J. M. Robertson
From Philosopedia
Robertson, John M(acKinnon (14 November 1856 - 5 January 1933)
Robertson, who was born on the Isle of Arran, has been called “the most successful of all the [freethought] leaders at making his way in the world.” At first a railroad telegraph clerk, then a clerk in an insurance office, he became active in the 1880s in the Edinburgh Secular Society. In 1884, he moved to London to work on the National Reformer, of which he became editor on Bradlaugh’s death.
Robertson is credited with having led Annie Besant to socialism, although he himself became a “New Liberal.”
In his Pagan Christs (1903), Robertson wrote,
- Petronius was surely right in saying Fear made the gods. In primitive times fear of the unknown was normal; gratitude to an unknown was impossible.
In 1906 he was elected Liberal M.P. for Tynemouth, having previously failed to win Northampton. In 1911 he was appointed Parliamentary Under-Secretary to the Board of Trade, a position he held until the fall of Asquith’s government in 1915. Losing his seat as an Asquithian Liberal in 1918, he devoted himself to freethought literature until his death.
The breadth of his writings on both freethought and political topics was enormous, and he became one of the most important of latter-day Liberals and Secularists. Robertson believed that Jesus never existed, and he wrote a five-volume series on the subject. The Gospels, he reasoned, were actually derived from morality plays. Although few historians and scholars now agree, his concepts stirred much discussion.
He used “freethought” almost as a synonym for progress in the liberalization of the philosophy of religion, states Gordon Stein. His editorship of Reformer was from 1893 to 1904, prior to which he had been an editor of The National Reformer, upon which Charles Bradlaugh and Joseph Barker had also been editors. During his time with Bradlaugh, Robertson professed atheism but later, according to Joseph McCabe, preferred to be called an agnostic.
Following Moncure Conway’s departure from the South Place Ethical Society in 1899, he along with Herbert Burrows and J. A. Hobson served as a panel of lecturers there.
In 1895, Robertson wrote Modern Humanists.
He then wrote Short History of Freethought, Ancient and Modern (1915), which is a major and authoritative book on the subject. His two-volume History of Freethought and his History of Freethought in the Nineteenth Century (1929) are major reference works.
Robertson’s wide interests included Walt Whitman, about whom he published a study in the “Round Table Series,” Mithraism, socialism, Toryism, and barbarism. He also wrote a pamphlet, “Thomas Paine: An Investigation,” a scathing exposure in 1900 of Christian calumnies regarding Paine’s alleged deathbed recantation.

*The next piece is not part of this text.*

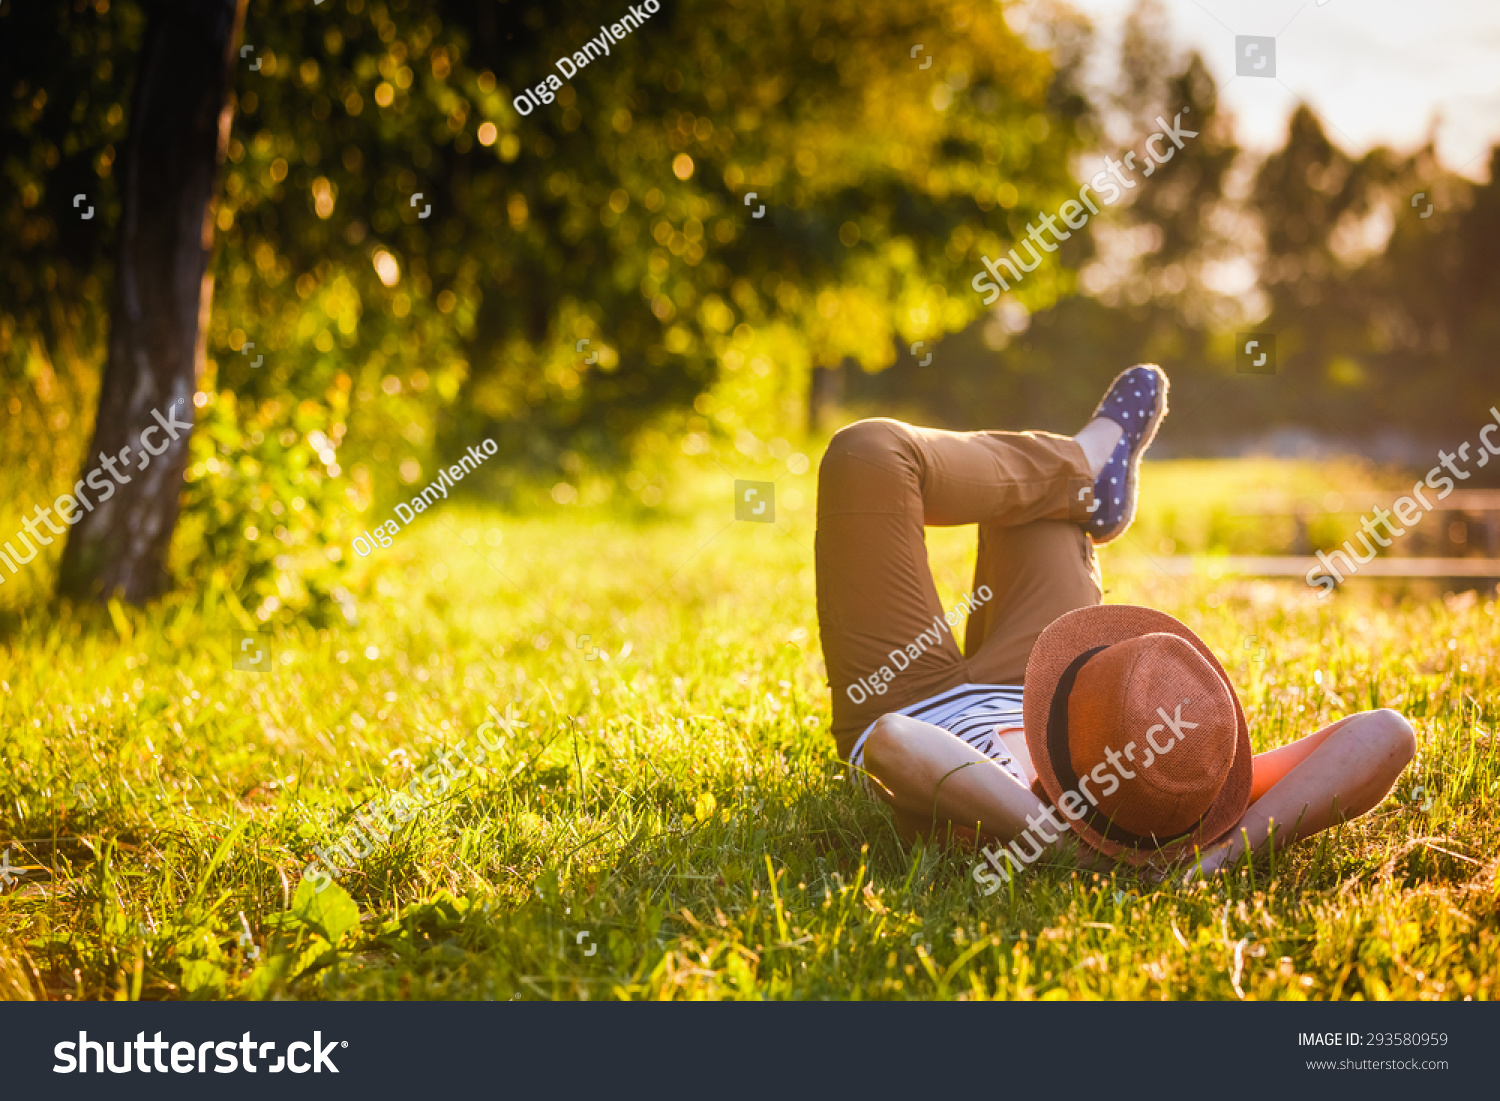 Trendy Hipster Girl Relaxing on the Grass #293580959

For some months before his death, Robertson’s health had been failing. He attended a meeting of the Bradlaugh Centenary Committee in December. On Thursday January 5, 1933, he was at work on two books which he was writing, and in the evening was listening to a wireless talk on “Saving,” a subject in which he had long been keenly interested. Shortly afterward he had a “stroke” and died. His remains were cremated on January 7, and in accordance with his own often-expressed wish there was no ceremony of any kind at the funeral.